Personal information
- Full name: Fasal Hassan Shahid
- Born: 4 March 1986 (age 40) smethwick Warwickshire, England
- Batting: Right-handed
- Bowling: Right-arm medium
- Relations: Zain Shaid

Domestic team information
- 2009–present: Herefordshire
- 2008: Marylebone Cricket Club

Career statistics
| Competition | List A |
| Matches | 1 |
| Runs scored | 138 |
| Batting average | 2.00 |
| 100s/50s | –/– |
| Top score | 2 |
| Balls bowled | 42 |
| Wickets | 5 |
| Bowling average | 33.00 |
| 5 wickets in innings | – |
| 10 wickets in match | – |
| Best bowling | 1/33 |
| Catches/stumpings | –/– |
- Source: Cricinfo, 11 May 2011

= Fasal Shahid =

English cricketer (born 1986)

Fasal Hassan Shahid (born 4 March 1986) is an English cricketer. Shahid is a right-handed batsman who bowls right-arm medium pace. He was born in Birmingham, Warwickshire.

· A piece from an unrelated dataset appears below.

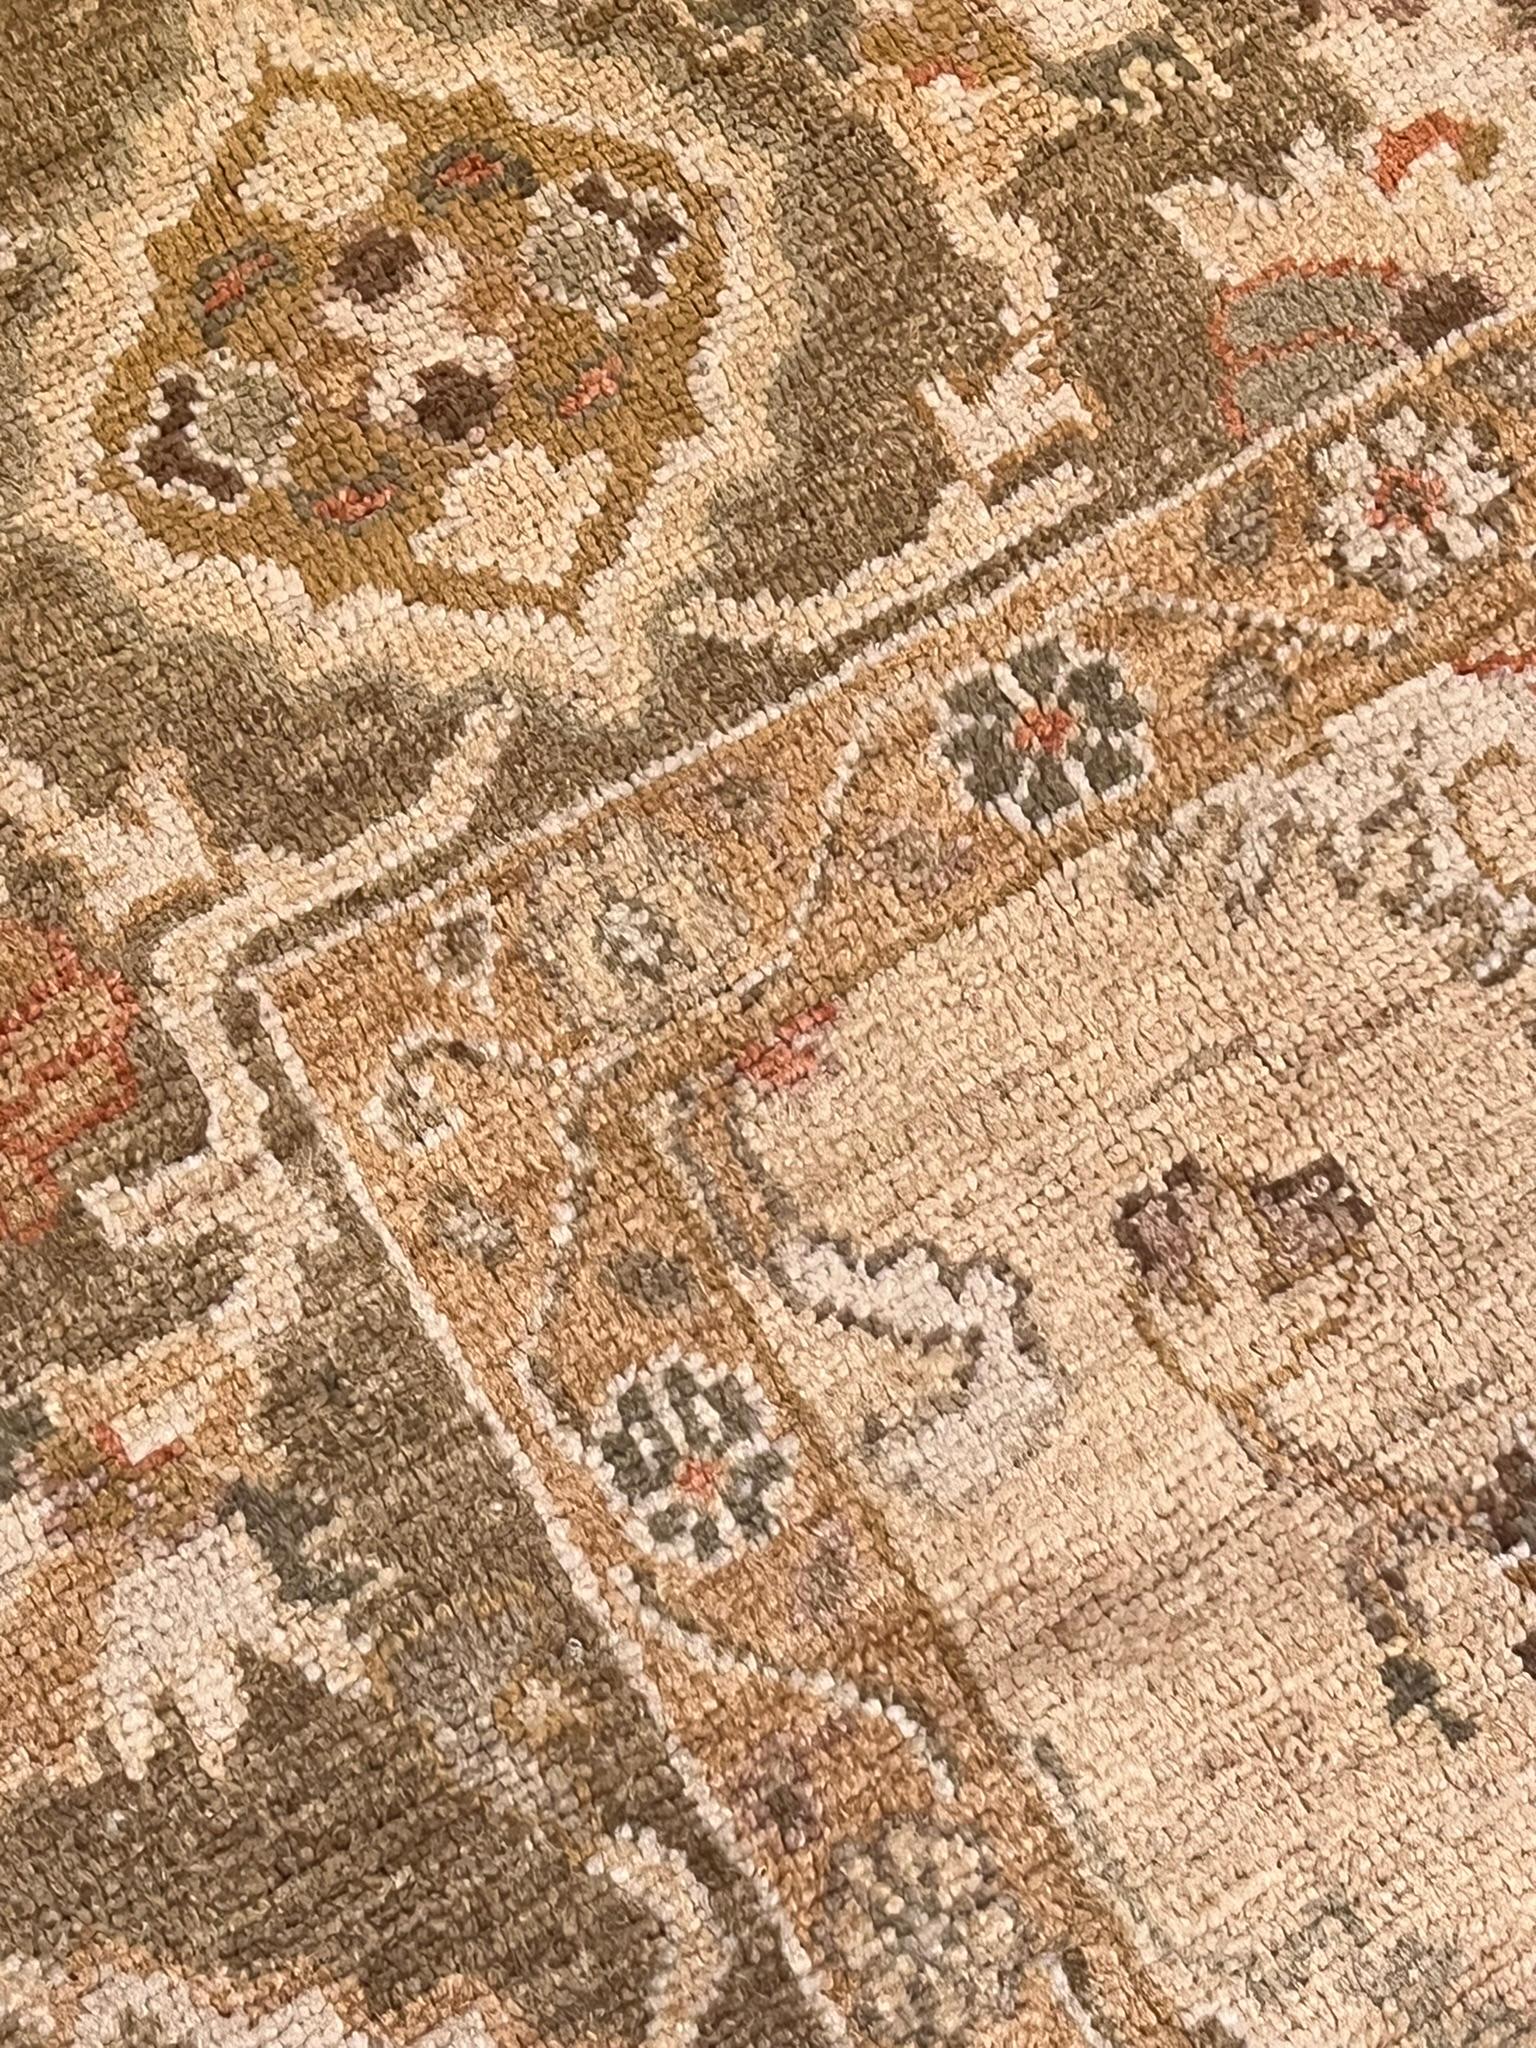 Il s'agit d'un tapis turc de nouvelle génération. Noué à la main avec de la laine en chaîne et en trame, il reprend la technique et le motif des thèmes classiques des anciens tapis Oushak, mais en renouvelant les couleurs, qui sont maintenant
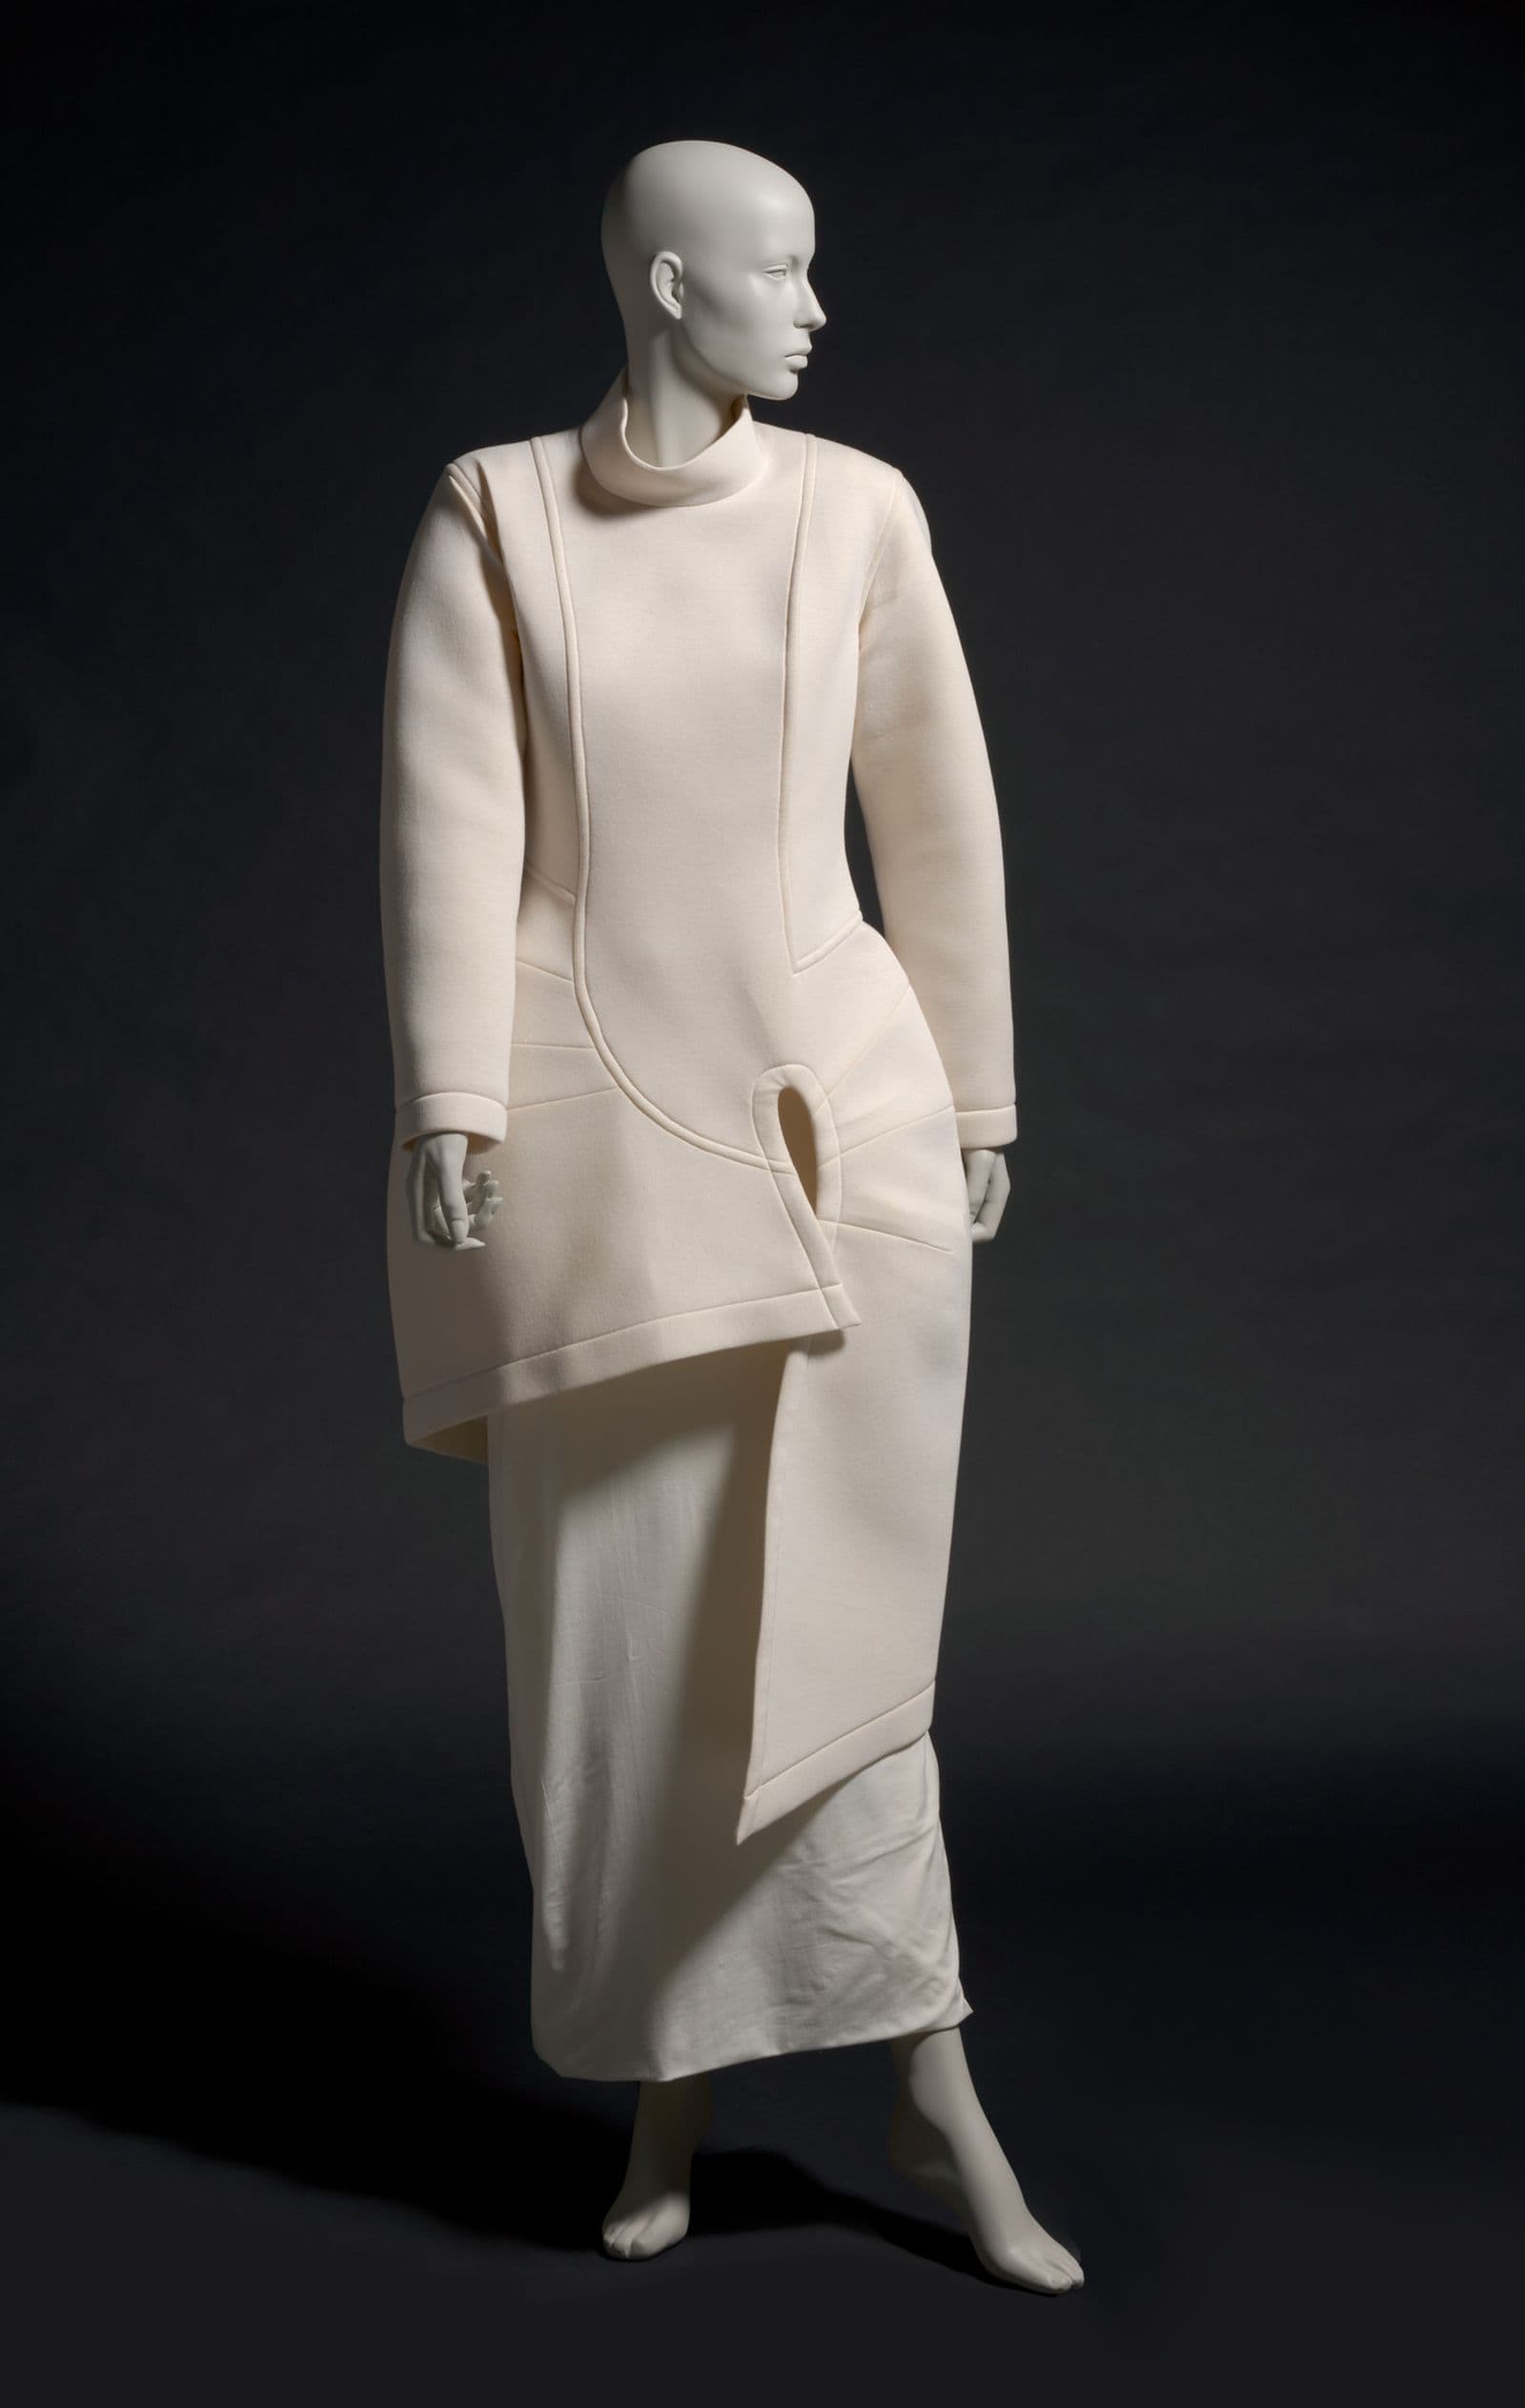 Photo of Avant Garde white dress and skirt on mannequin

Shahid made his only List A appearance for the Marylebone Cricket Club against Bangladesh A. In this match he took a single wicket, that of Shakib Al Hasan, for the cost of 33 runs from 7 overs. With the bat he scored 2 runs before being dismissed LBW by Rubel Hossain. He made his debut for Herefordshire in the 2009 MCCA Knockout Trophy against Wiltshire. Shahid currently plays Minor counties cricket for Herefordshire.

He has previously played Second XI cricket for the Worcestershire Second XI.